Extract list of links from the threadmarks page, for use in pipeline

In [3]:
dl_page_html = open('test_data/dl_threadmarks.html').read()
dl_soup = bs(dl_page_html)
# foreach threadmark, extract the title of the post, the hyperlink and the post id

post_id_ex = re.compile('post-[0-9]*')

html_links = [t.find('a') for t in dl_soup.find_all(class_='structItem-title threadmark_depth0')] 
threadmark_links = [(l.text.lstrip().rstrip(), l['href'], post_id_ex.findall(l['href'])[0]) for l in html_links]


In [4]:
post_id_from_tm = threadmark_links[0][2]
post_id_from_tm

'post-9987149'

# Extract particular posts from page

In [5]:
page_html = open('test_data/dl_page_1.html').read()
page_soup = bs(page_html)

Retrieve a single post from html, using the post id to identify the post

In [6]:
post = page_soup.find(attrs={'data-content':post_id_from_tm})

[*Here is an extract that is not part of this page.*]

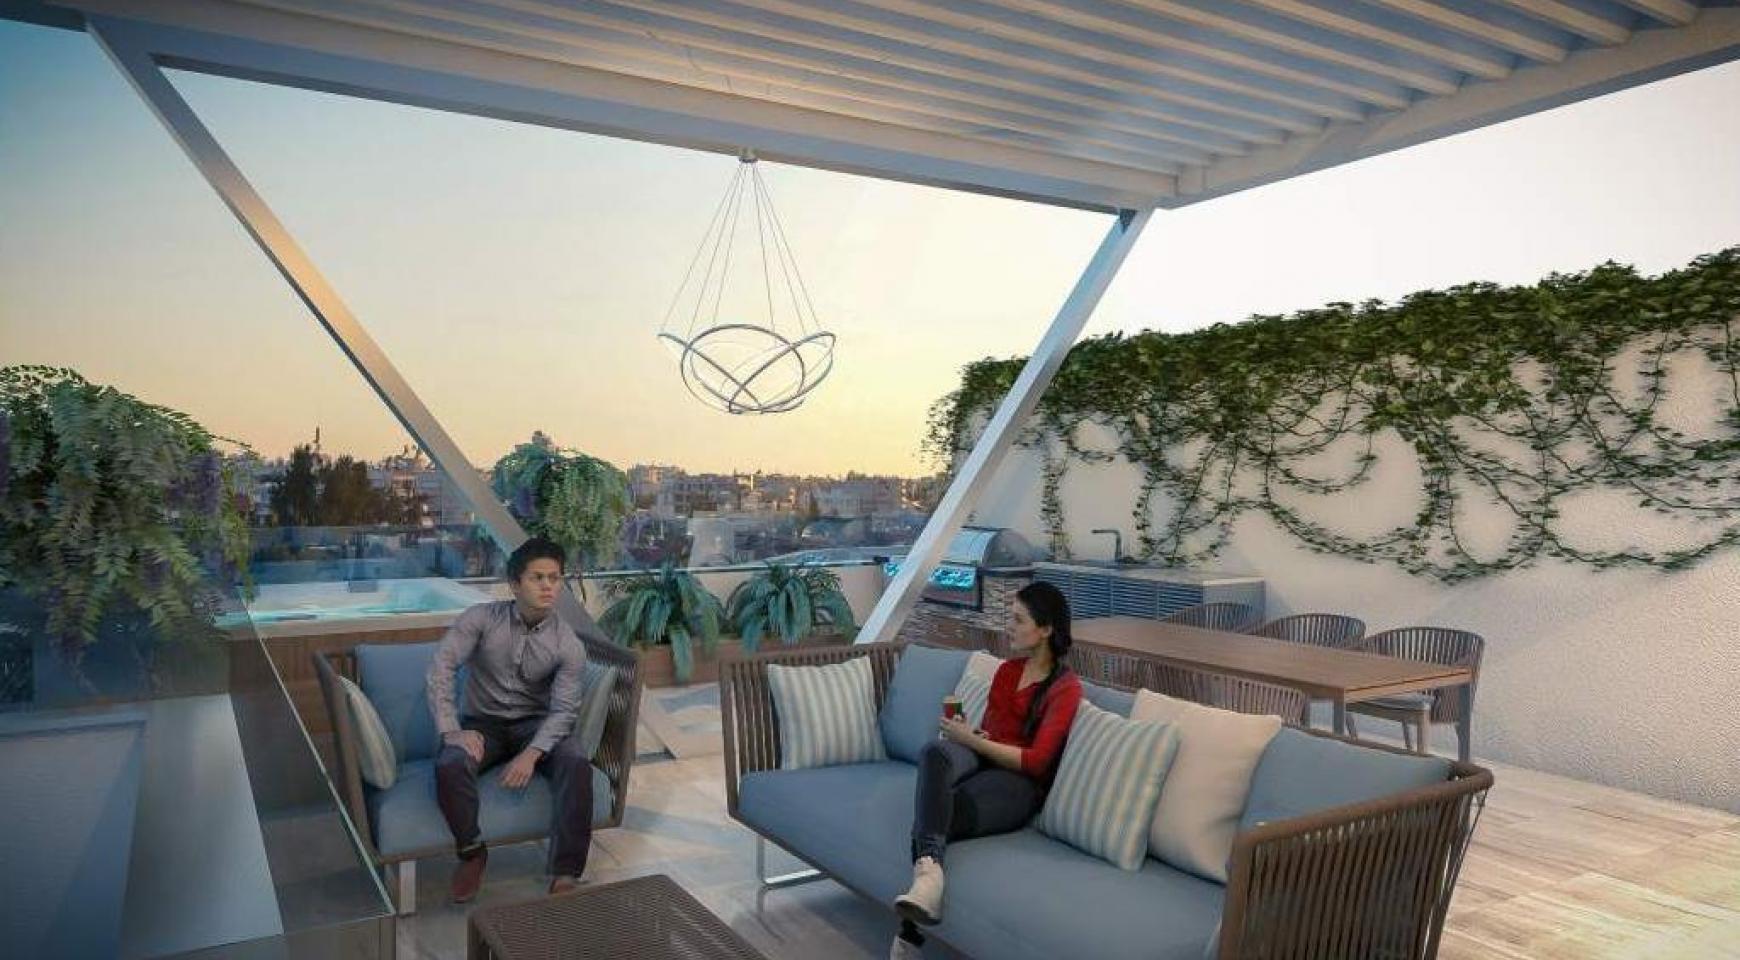 New 3 Bedroom Apartment in a Contemporary Complex near the Sea - 9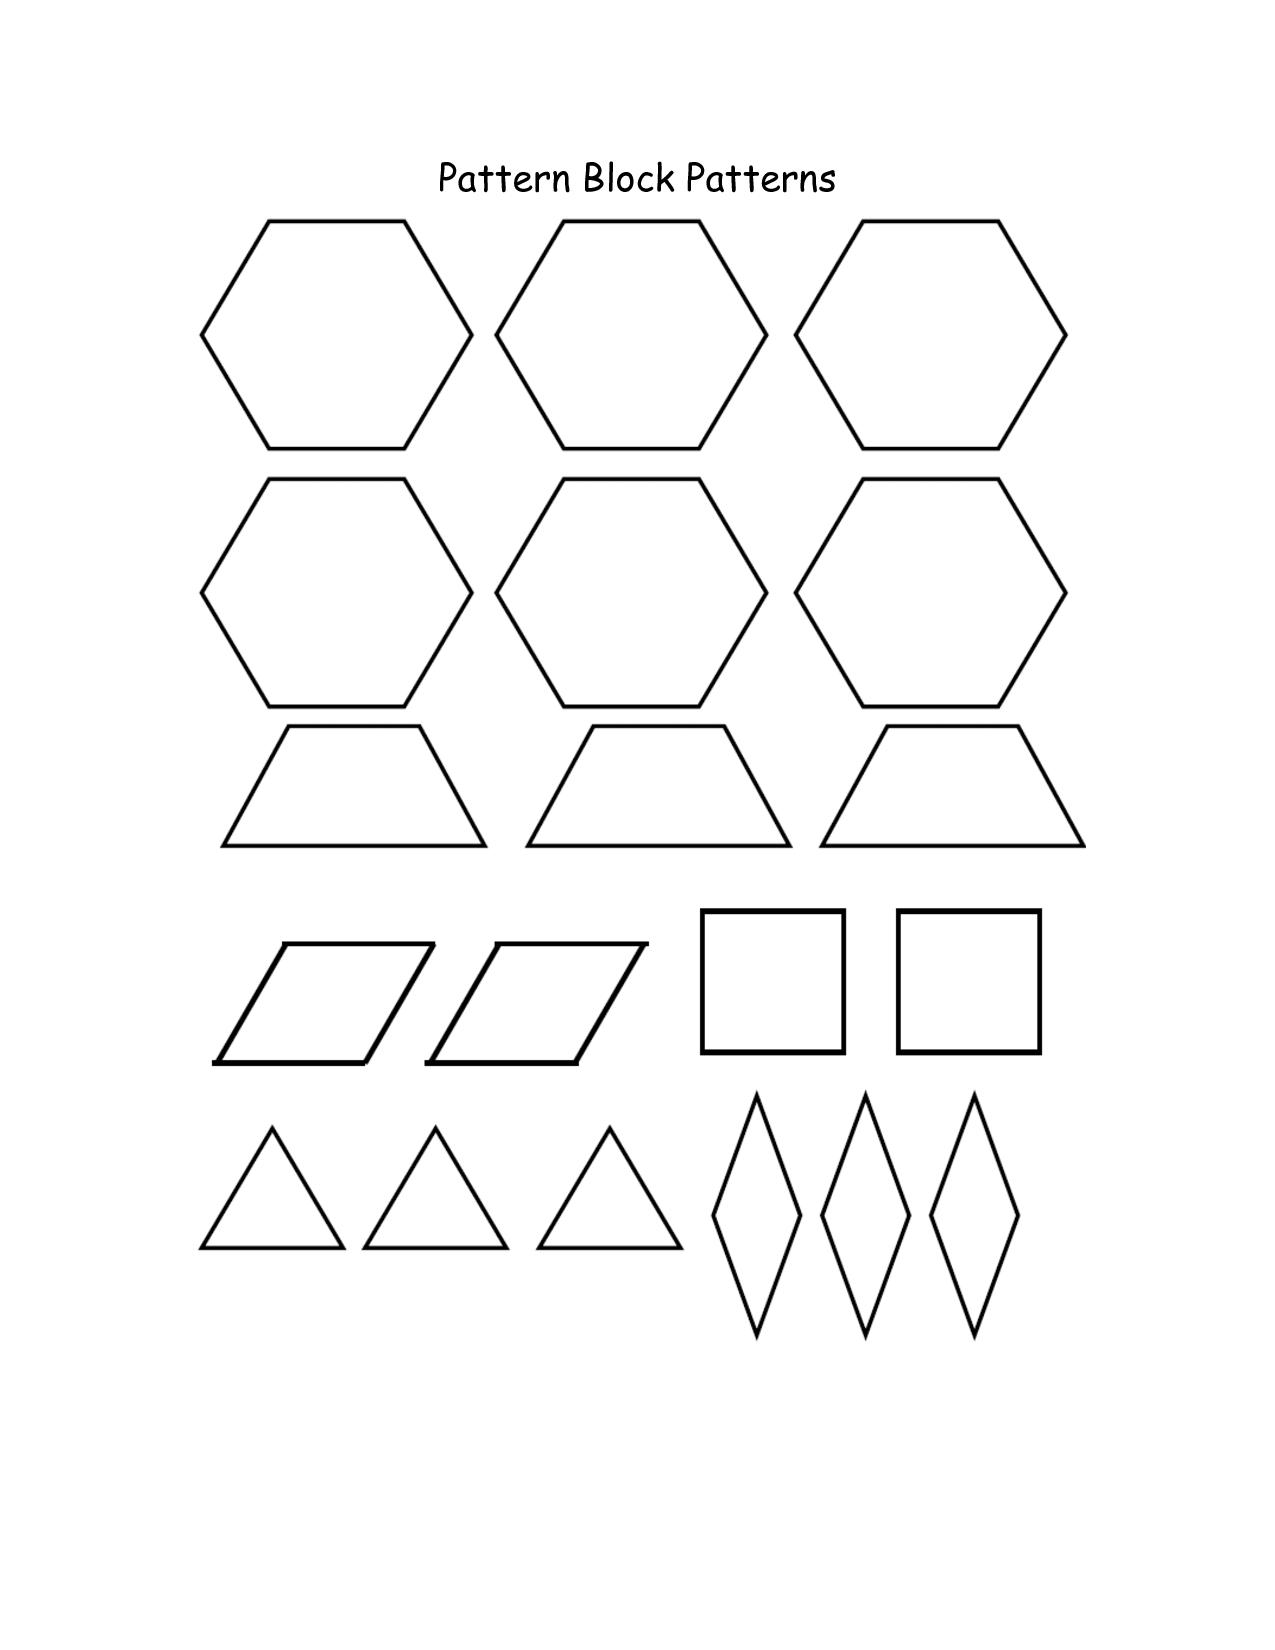 Pattern Block Templates E Commercewordpress 8oe3ggmo

retrieve the content of the post

In [7]:
post_body = post.find('article', class_="message-body")
post_body.text[:1000]

'\n\n                   Within the borders of the Empire of Man, the Elector Counts are among the highest of nobility, second only to the Emperor and - arguably, very arguably - the High Priests. Their word is all but law over the countless thousands of souls within their province.\n                   \n\n                   You are not an Elector Count. But you are the next best thing.\n                   \n\n                   You have secured a position in the Privy Council of a newly-arisen Elector Count, an instrument for their will in a specific domain. But also an instrument for your own will; because like all people, you have your own ambitions. The way you present information, the solutions you present, the options you put towards them and how you explain them; all of these will allow you a great deal of leeway in how you go about your business, and allowing you to pursue your own private goals.\n                   \n\n                   The first question is: in what province 

retrieve the author, and other metadata

In [8]:
post_author = post['data-author']
post_author

'BoneyM'

In [9]:
post_time = post.find(class_='message-attribution').find('time').text.lstrip().rstrip()
post_time

'Jan 18, 2018'

In [10]:
# Extract information meta information from threadmarked posts

In [11]:
def collect_metadata(p):
    header = p.find(class_="message-cell--threadmark-header")
    if (header):
        t_threadmark_id = header.find('label')['for']
        t_threadmark_type = header.find('label').text.rstrip().lstrip()
        t_threadmark_title = header.find(class_='threadmarkLabel',attrs={'id':t_threadmark_id}).text.rstrip().lstrip()
        return (t_threadmark_type, t_threadmark_title)
    else:
        return ('Regular', None)

In [12]:
collect_metadata(post)

('Threadmarks', 'Character Creation - Part 1')

## Finalized function

In [53]:
def extract_info(p):
    author = p['data-author']
    date = p.find(class_='message-attribution').find('time').text.rstrip().lstrip()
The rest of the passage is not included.